HOW TO COMPLETE THIS TASK -> From the line containing "Agréable au toucher et de forme attrayante" down to the last line of the material, return those lines verbatim and only those.

COLLECTED DATA ->
———
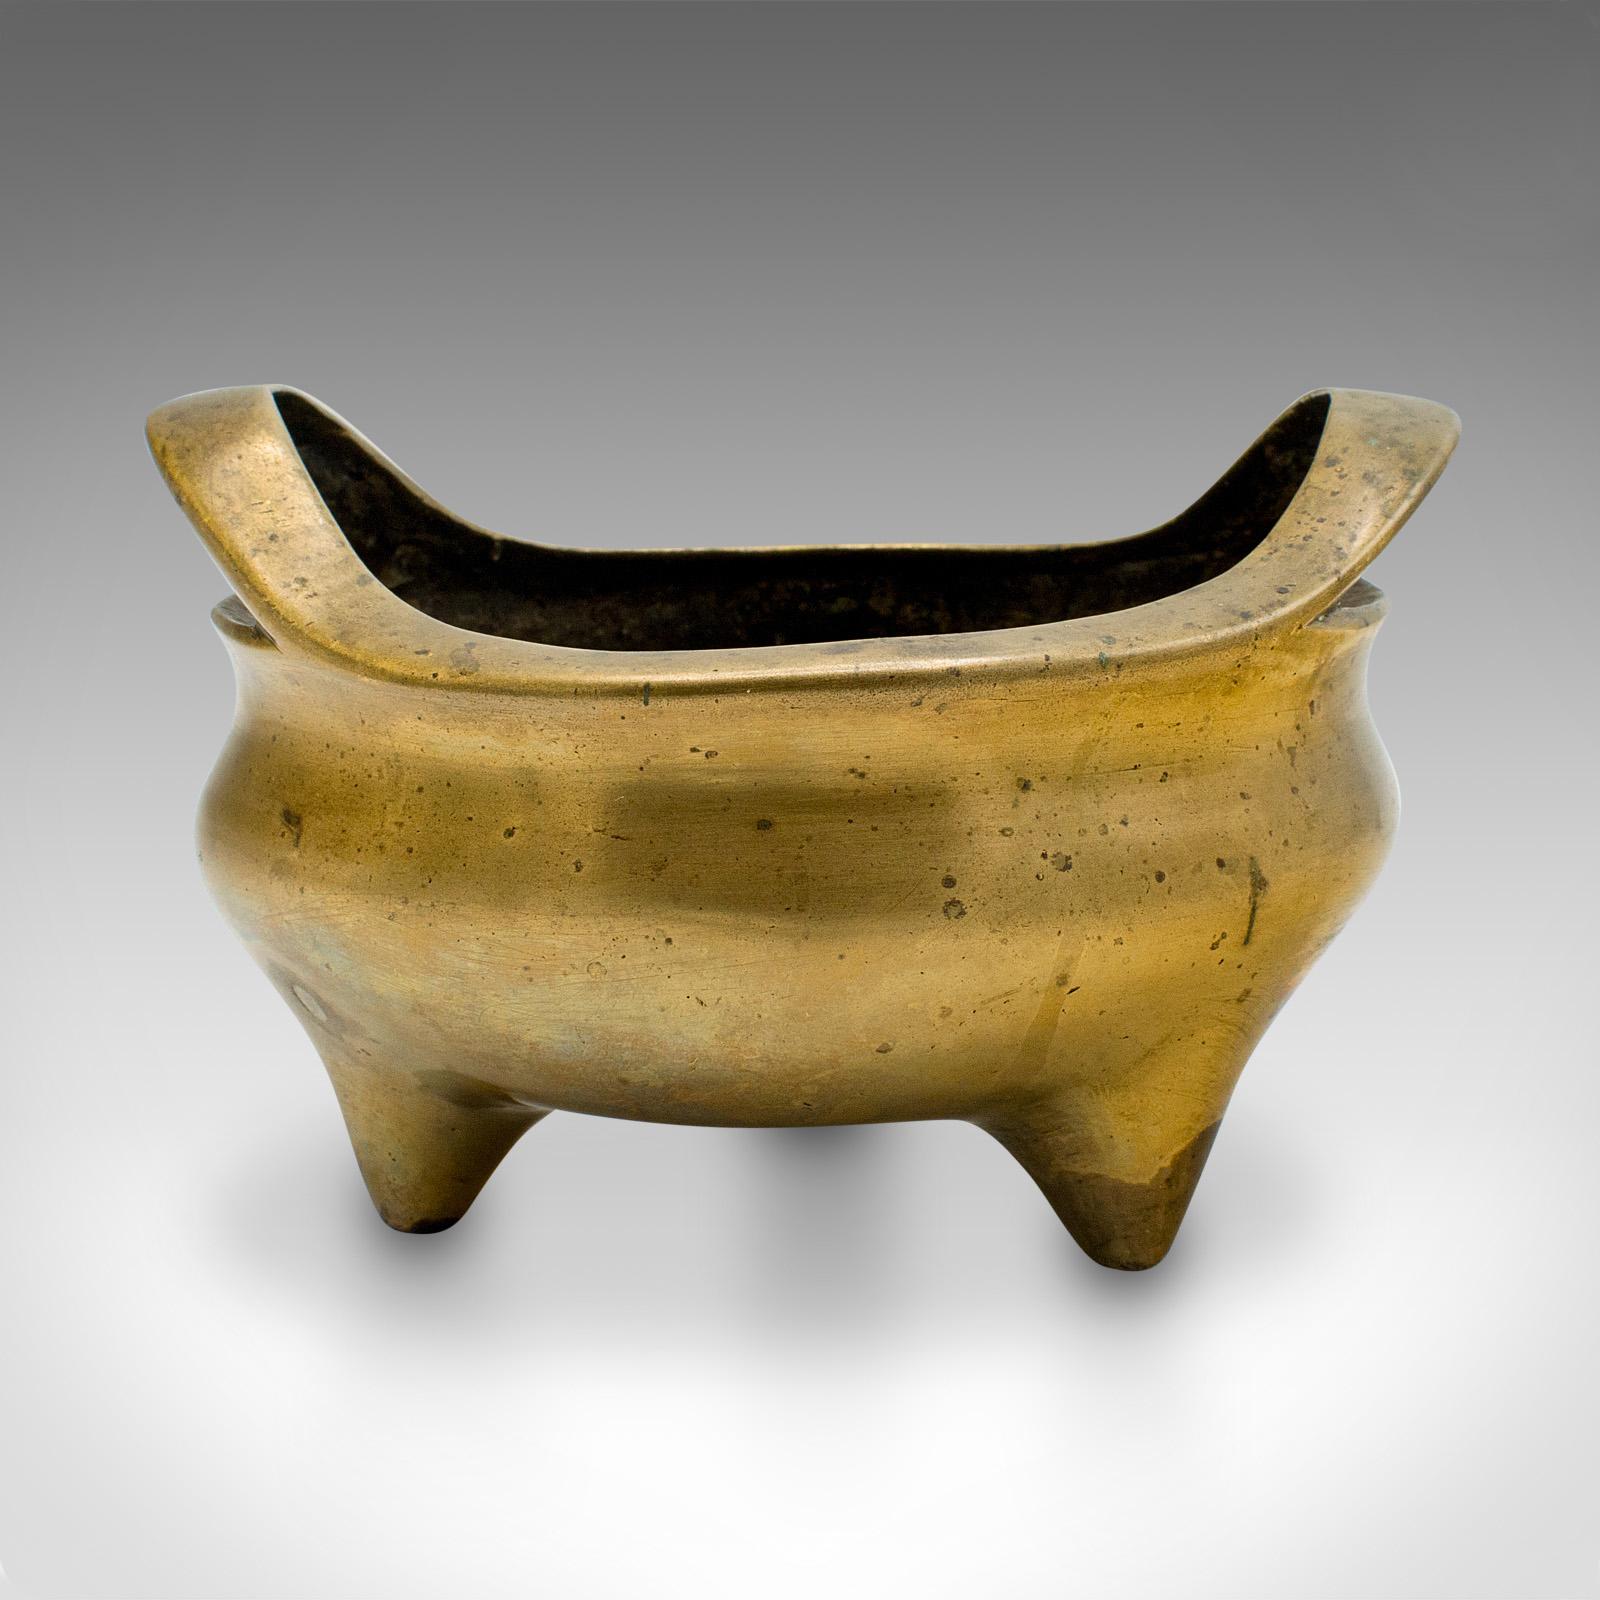 Il s'agit d'un encensoir ancien. Brûleur d'encens, coupe ou plat de libation chinois en bronze, datant du début de l'époque victorienne, vers 1850.

Agréable au toucher et de forme attrayante
Présente une patine d'usage désirable et est en bon
———
TASK RESPONSE ->
Agréable au toucher et de forme attrayante
Présente une patine d'usage désirable et est en bon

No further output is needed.